We all love duct tape, but have you ever reached the limits on what even duct tape can do? I reached the tape’s outer limits when trying to repair the bottom of a hummingbird feeder last month. The tape needed to hold the bottom in place, battling gravity against the sugary water the feeder held. I’m sure the duct tape tried to hold on as hard as it could, but it wouldn’t do. Sometimes even the best fixes fail, and you’ve just got to get a new one.

Third party services can be duct tape

Picture this: a rapidly growing real estate company has been using over 13 third-party systems duct taped together to manage their internal operations. This includes parsers, API integrations, multiple CRMs, documentation for compliance, contract approval flows, vast lists of data, and complex reports on nearly 1,000 agents and all of their buyers and sellers. Whew.

Third-party systems were perfect when they first got off the ground, but with their business success, these third parties have become expensive and cumbersome. Webhooks didn’t always post properly, data was isolated in separate systems so it was difficult to use it, and entire teams were occupied with ensuring compliance data (the data you gotta have right) was accurately shared between the systems.

An Enterprise Resource Planning system, or ERP, is a big upfront investment that only companies at a certain stage of maturity should embark upon. In this case, however, this company needed to invest in this system.

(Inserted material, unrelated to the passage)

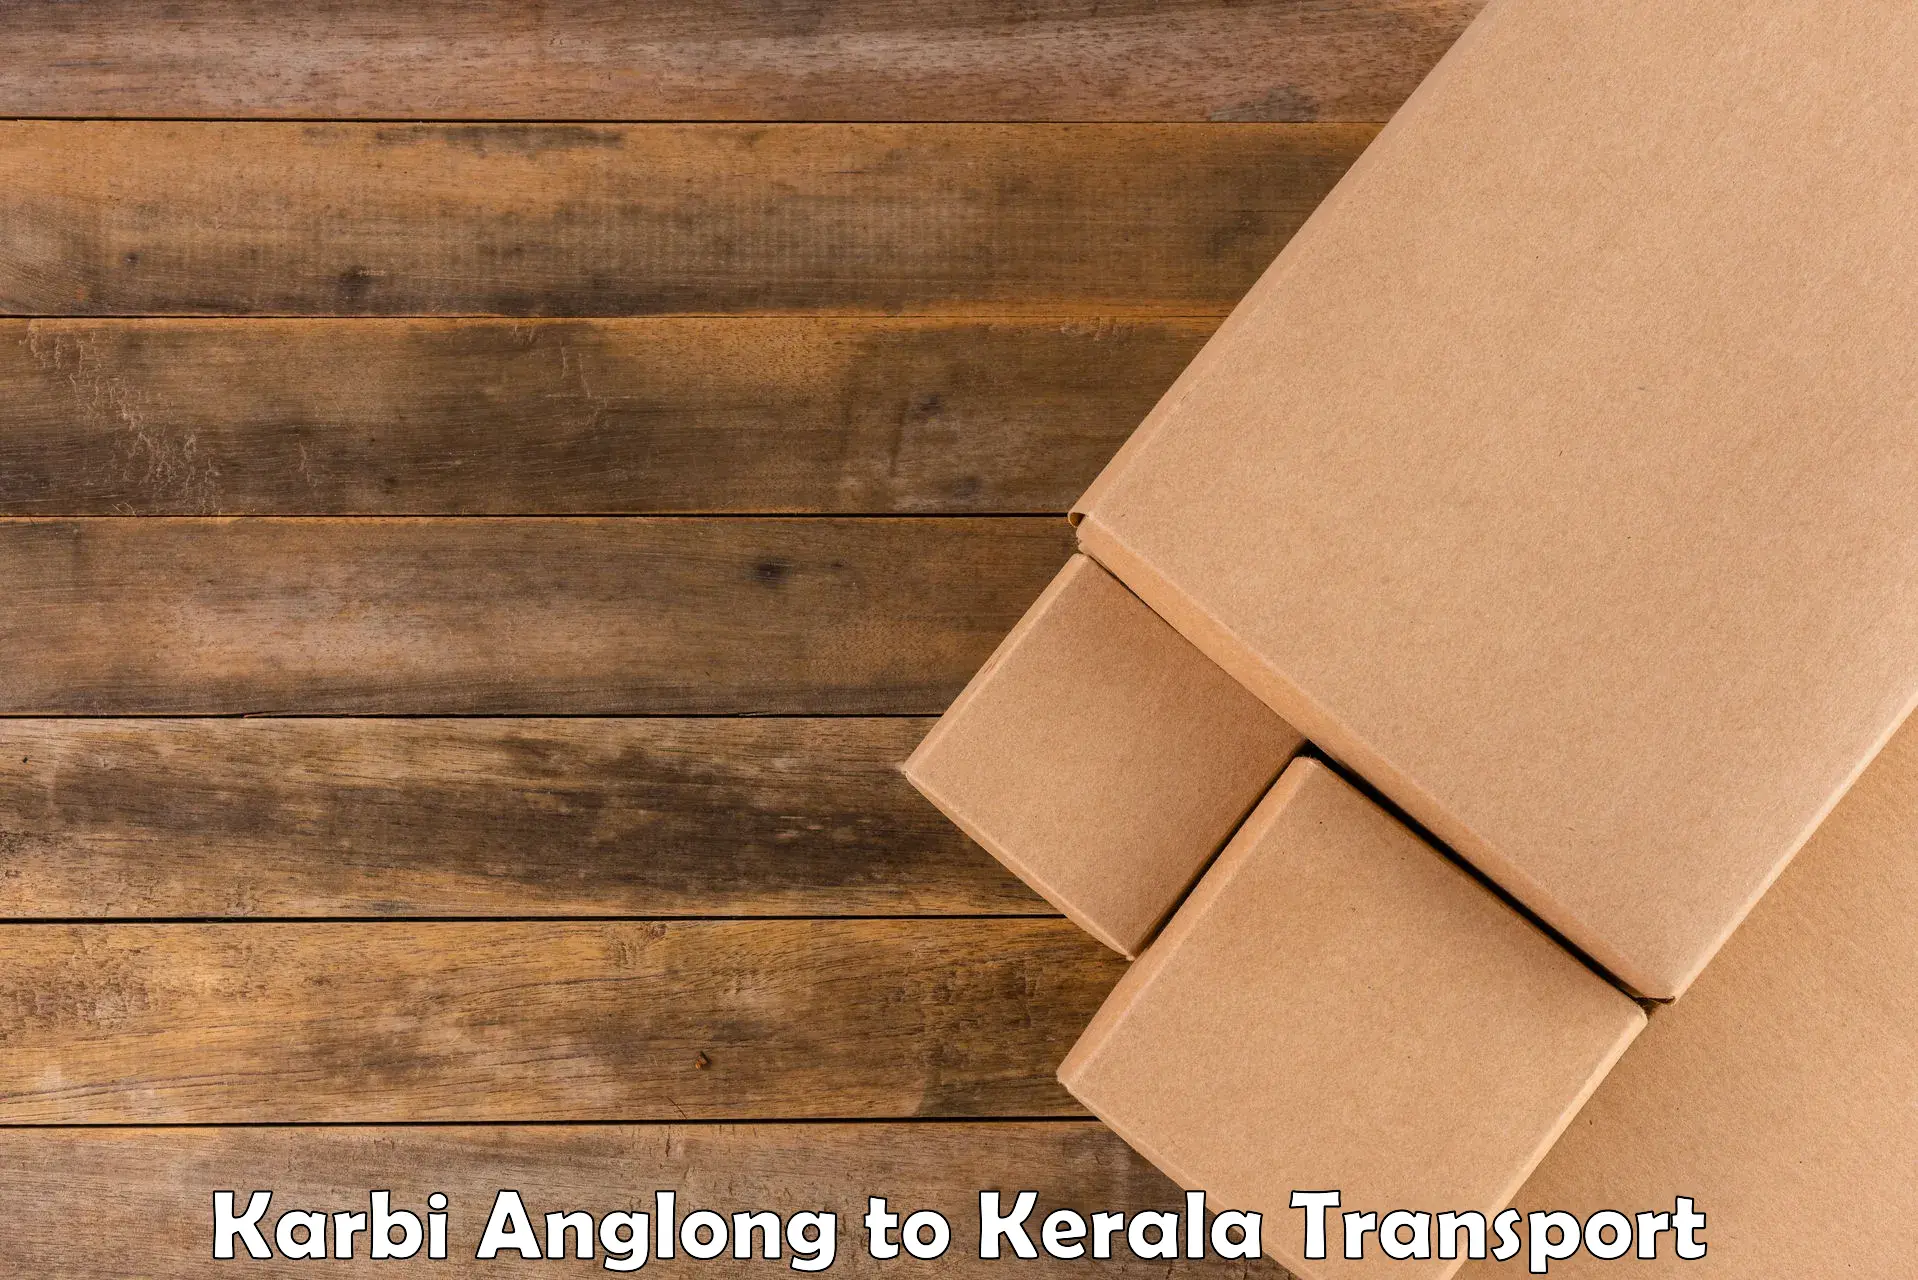 Air cargo transport services Karbi Anglong to Manthuka
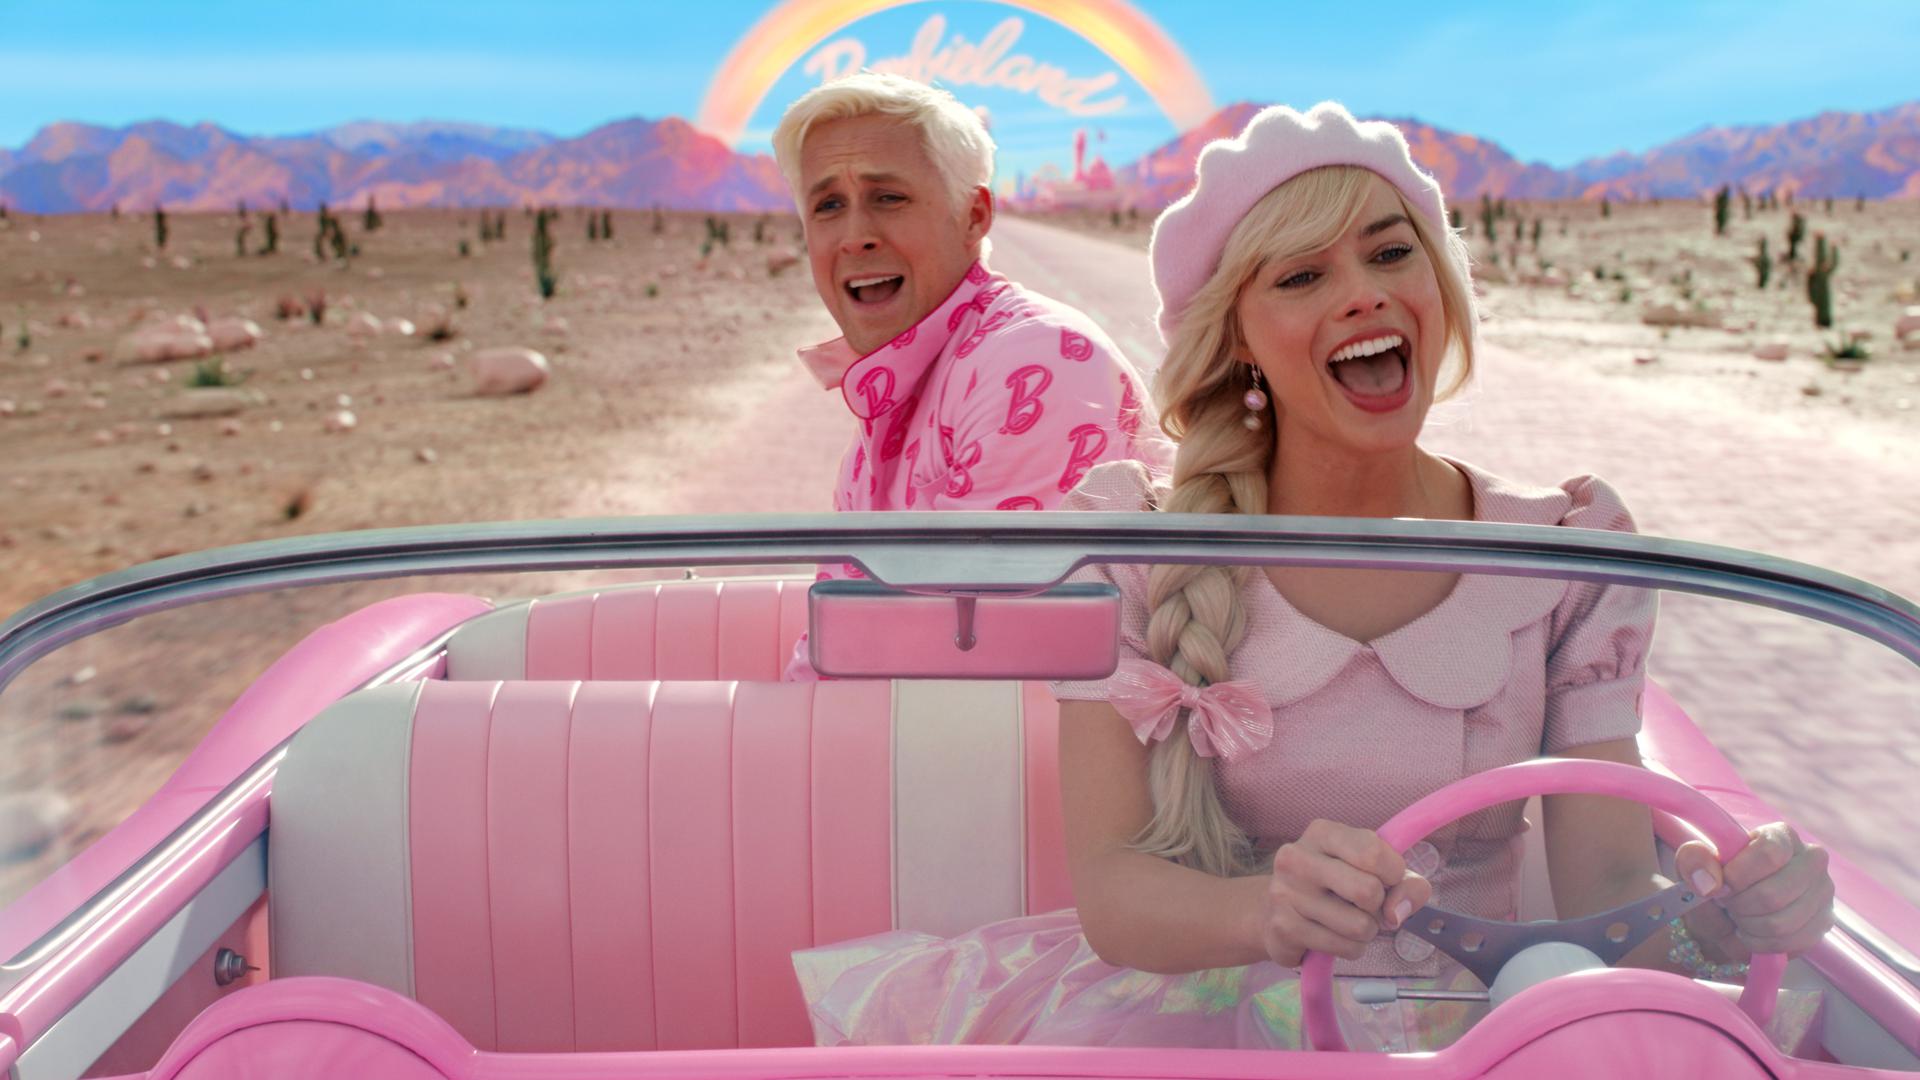 Ryan Gosling als Ken and Margot Robbie als Barbie in einer Szene der Films "Barbie".

When my client first explained the next project they needed me to design, I was nervous. I know how robust ERP systems need to be if they are to be effective, and the cost that would come with that need. My chief goal is to catapult my clients into success and help them avoid pitfalls. Yet, as I delved into their business needs, I quickly saw what they saw: a system duct taped together that was beginning to break under their incredible success as a real estate company.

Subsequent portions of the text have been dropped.